REPUBLIKA.CO.ID, JAKARTA -- Komisi III DPR menyepakati pengambilan keputusan tingkat I terhadap Rancangan Kitab Hukum Undang-Undang Pidana (RKUHP). Pengambilan keputusan diambil usai rapat kerja bersama Wakil Menteri Hukum dan HAM (Wamenkumham) Edward Omar Sharif Hiariej atau Eddy selama sekira tujuh jam.
"Kami meminta persetujuan kepada anggota Komisi III dan pemerintah apakah naskah RUU KUHP dapat dilanjutkan di tingkat kedua yaitu pengambilan keputusan RUU KUHP yang dijadwalkan pada rapat paripurna DPR RI terdekat. Apakah dapat disetujui?" tanya Wakil Ketua Komisi III Adies Kadir dijawab setuju oleh anggota Komisi III, Kamis (24/11/2022).
Keputusan tersebut juga menandakan RKUHP dapat segera dibawa ke rapat paripurna DPR untuk pengambilan keputusan tingkat II. Agar RKUHP dapat disahkan menjadi undang-undang.
Salah satu yang disepakati Komisi III dan pemerintah adalah penghapusan pasal penghinaan lembaga negara. "Sekaligus kami memberitahukan bahwa Pasal 347 yang tadinya penghinaan terhadap lembaga negara, tadinya kekuasaan umum, kemudian menjadi lembaga negara ini kita hapus," ujar Eddy.
Sebelum keputusan tersebut, ia menjelaskan bahwa Pasal 347 ayat 1 berbunyi, 'Setiap Orang yang di muka umum dengan lisan atau tulisan menghina kekuasaan umum atau lembaga negara, dipidana dengan pidana penjara paling lama 1 (satu) tahun 6 (enam) bulan atau pidana denda paling banyak kategori II'. Dalam penjelasannya, lembaga negara terdiri dari MPR, DPR, DPD, Mahkamah Agung (MA), dan Mahkamah Konstitusi (MK).
Kendati Pasal 347 tentang penghinaan lembaga negara dihapus, pihaknya menggabungkannya ke Pasal 240 RKUHP. Sebelum keputusan tersebut, Pasal 240 Ayat 1 menjelaskan, setiap orang yang di muka umum dengan lisan atau tulisan menghina 'pemerintah', dipidana dengan pidana penjara paling lama satu tahun enam bulan atau pidana denda paling banyak kategori II.

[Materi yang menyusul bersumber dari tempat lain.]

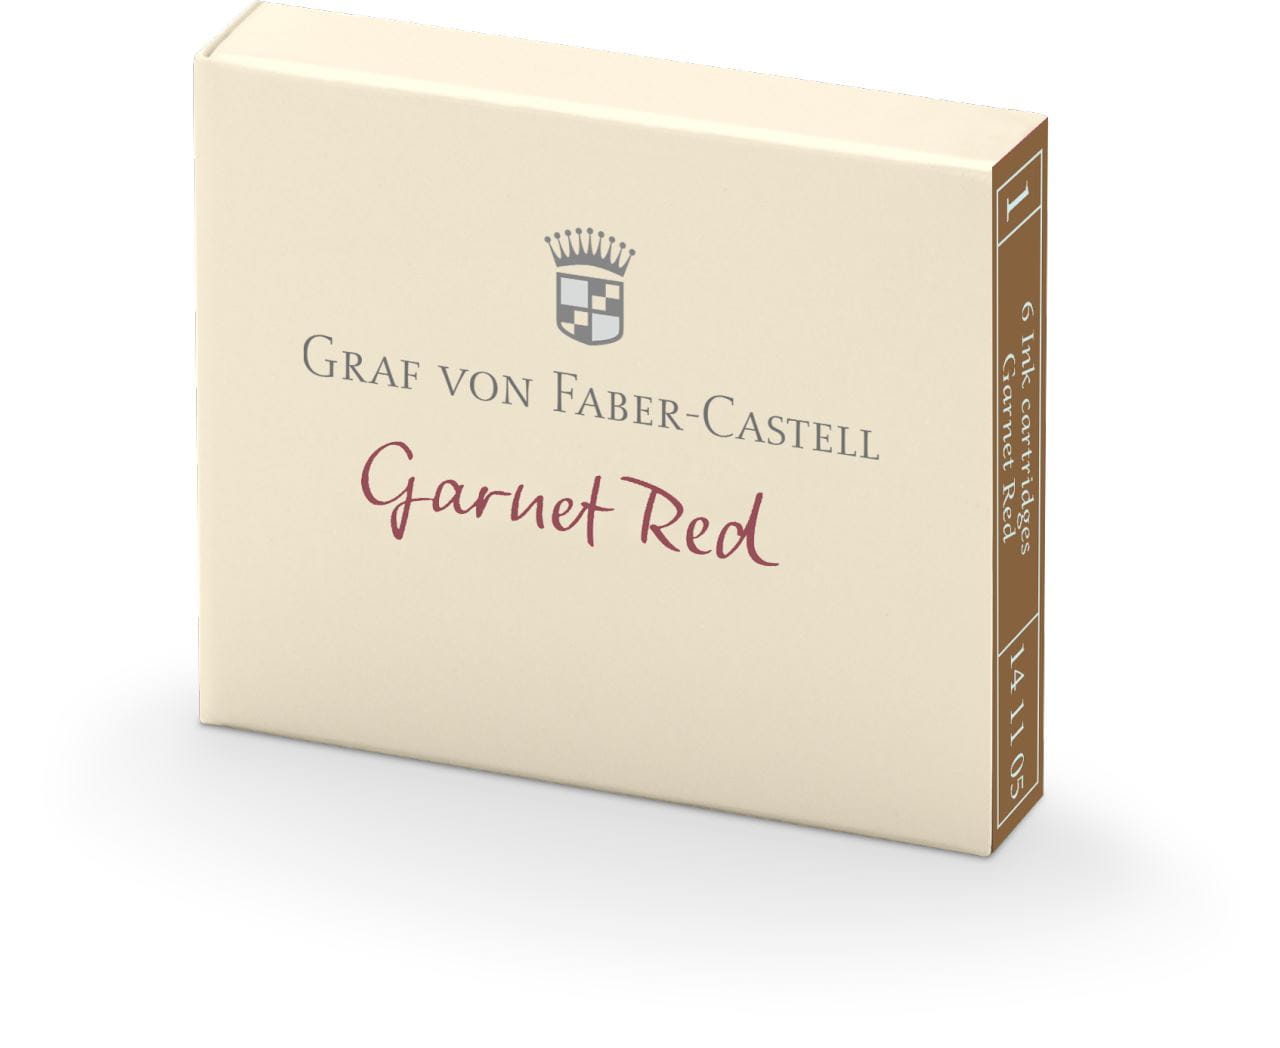 Graf-von-Faber-Castell - 6 cartuchos de tinta Garnet Red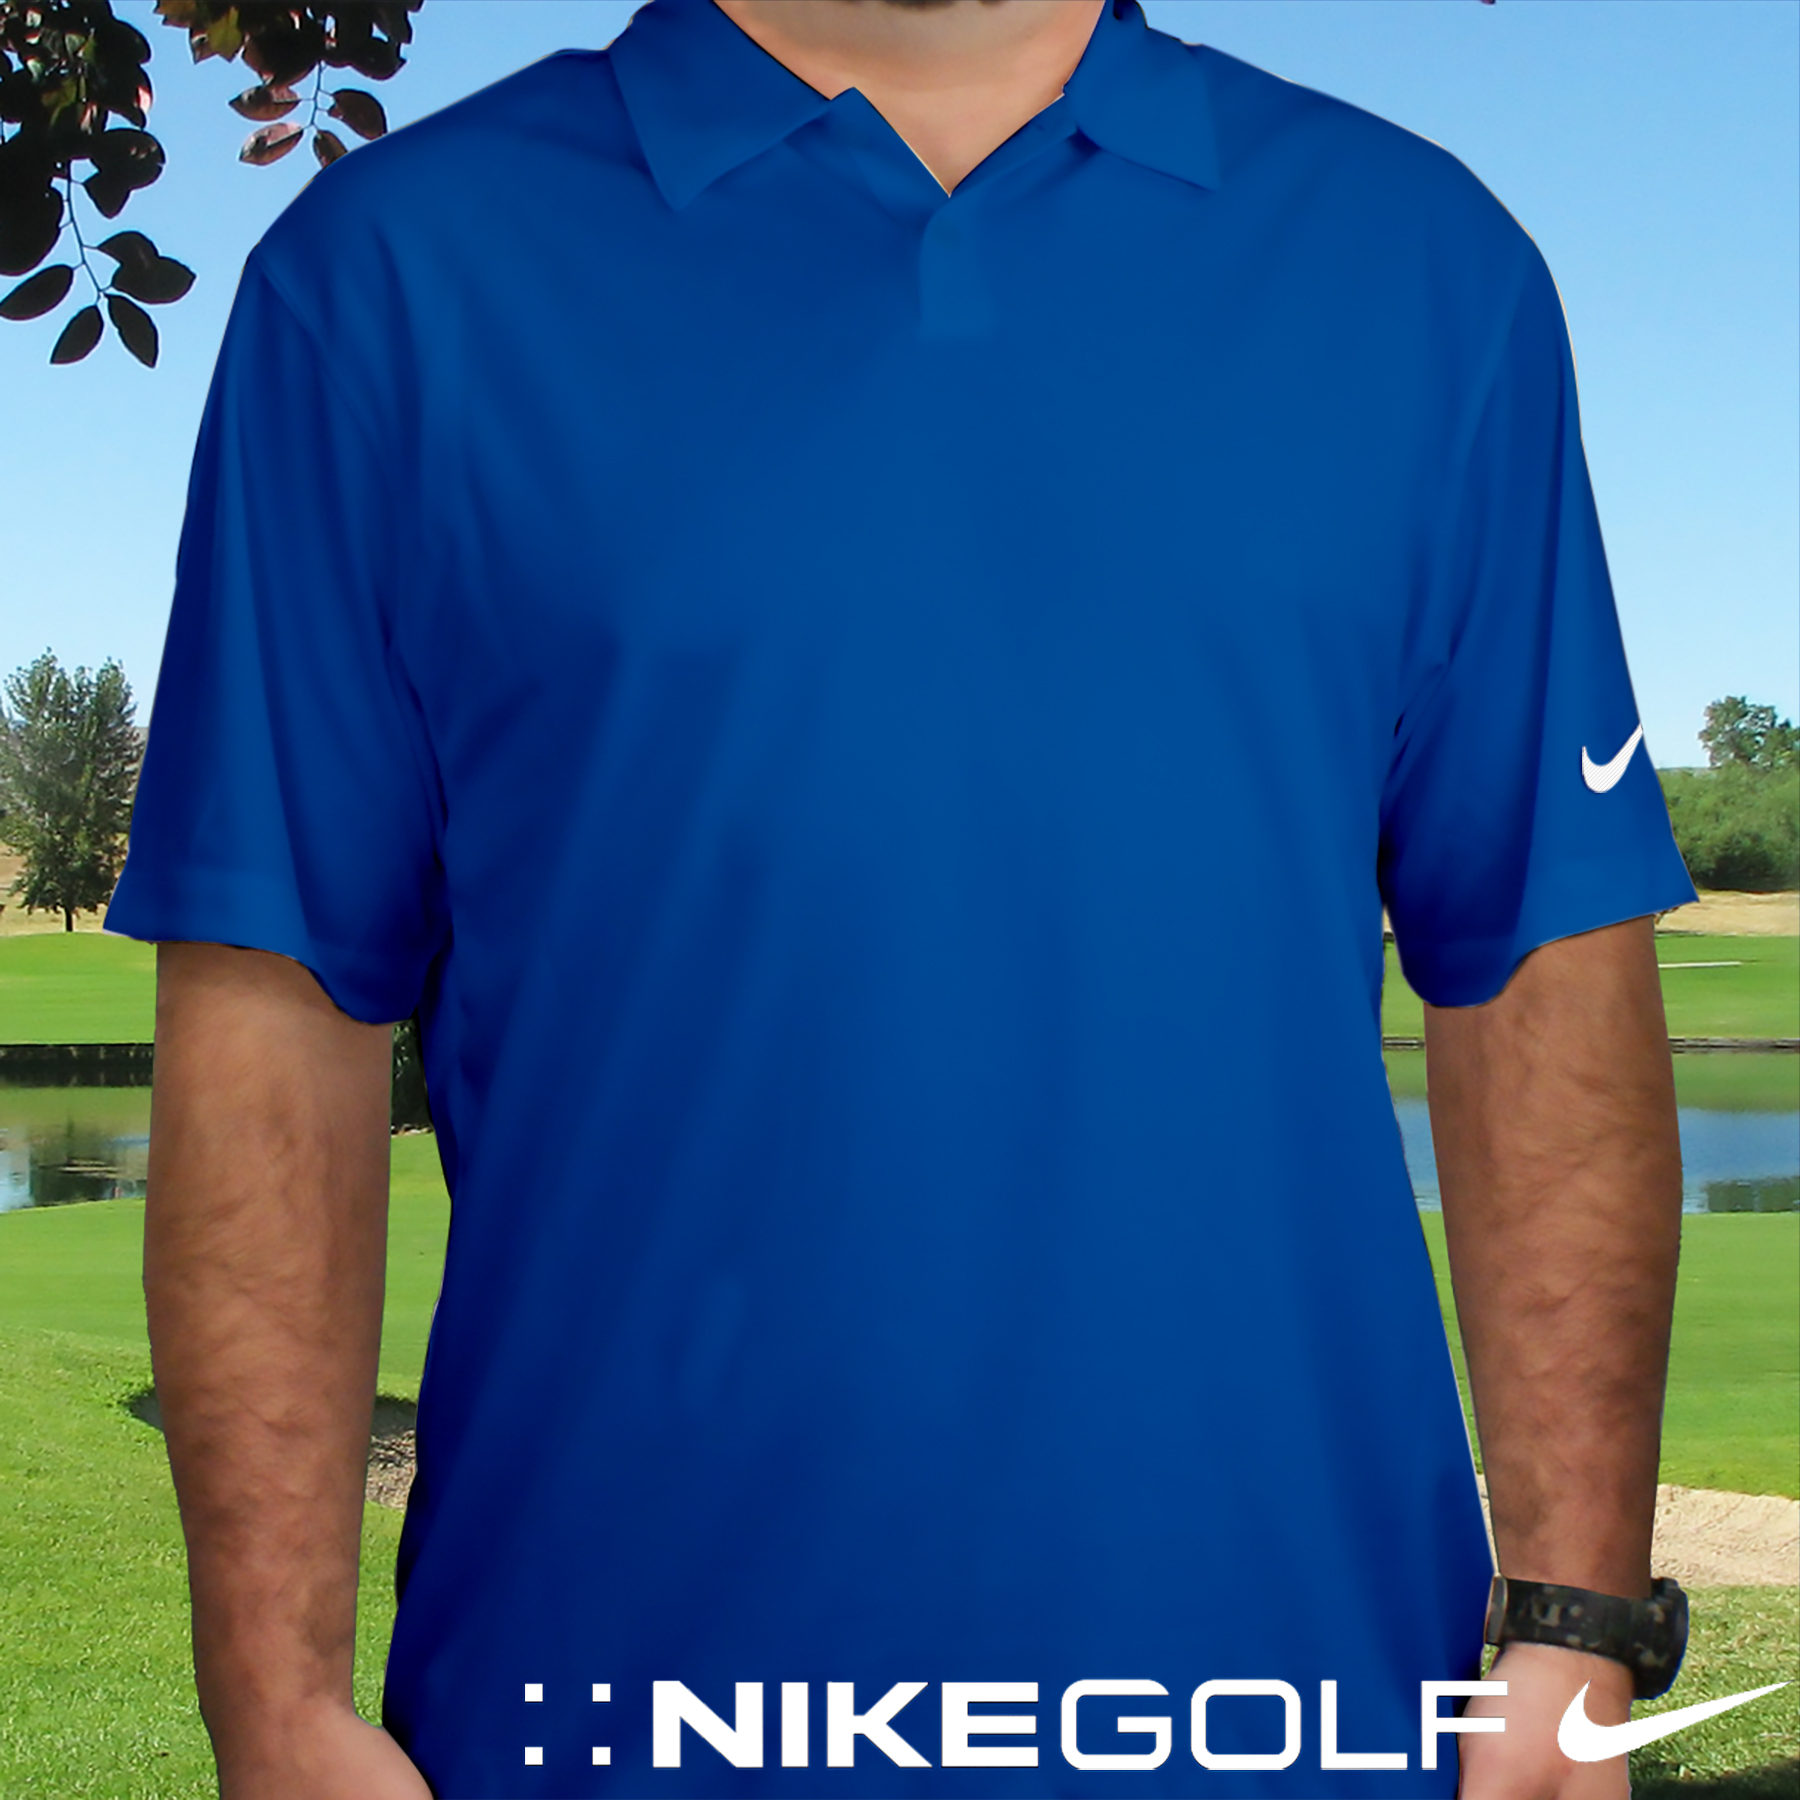 Personalized Nike Dri-Fit Photo Blue Polo Shirt | Personalized Grandpa Gifts

Pemerintah juga menambahkan penjelasan untuk Pasal 240. Khususnya pengertian tentang pemerintah adalah presiden Republik Indonesia yang memegang kekuasaan pemerintahan negara Republik Indonesia yang dibantu oleh wakil presiden dan menteri sebagaimana dimaksud dalam Undang-Undang Dasar Negara Republik Indonesia tahun 1945.
"Kita merge ke Pasal 240. Sehingga judulnya adalah penghinaan terhadap pemerintah atau lembaga negara yang pada intinya adalah satu, merupakan delik aduan. Itu dia bersifat formil, tapi kalau ada kerusuhan kemudian dia bersifat delik materiil," ujar Eddy.
Kemudian pengertian 'penghinaan' diambil dari Pasal 218 RKUHP. Arti penghinaan adalah perbuatan yang merendahkan atau merusak kehormatan atau citra pemerintah atau lembaga negara, termasuk menista atau memfitnah. Sambungnya, menghina berbeda dengan kritik yang merupakan hak berekspresi dan hak berdemokrasi.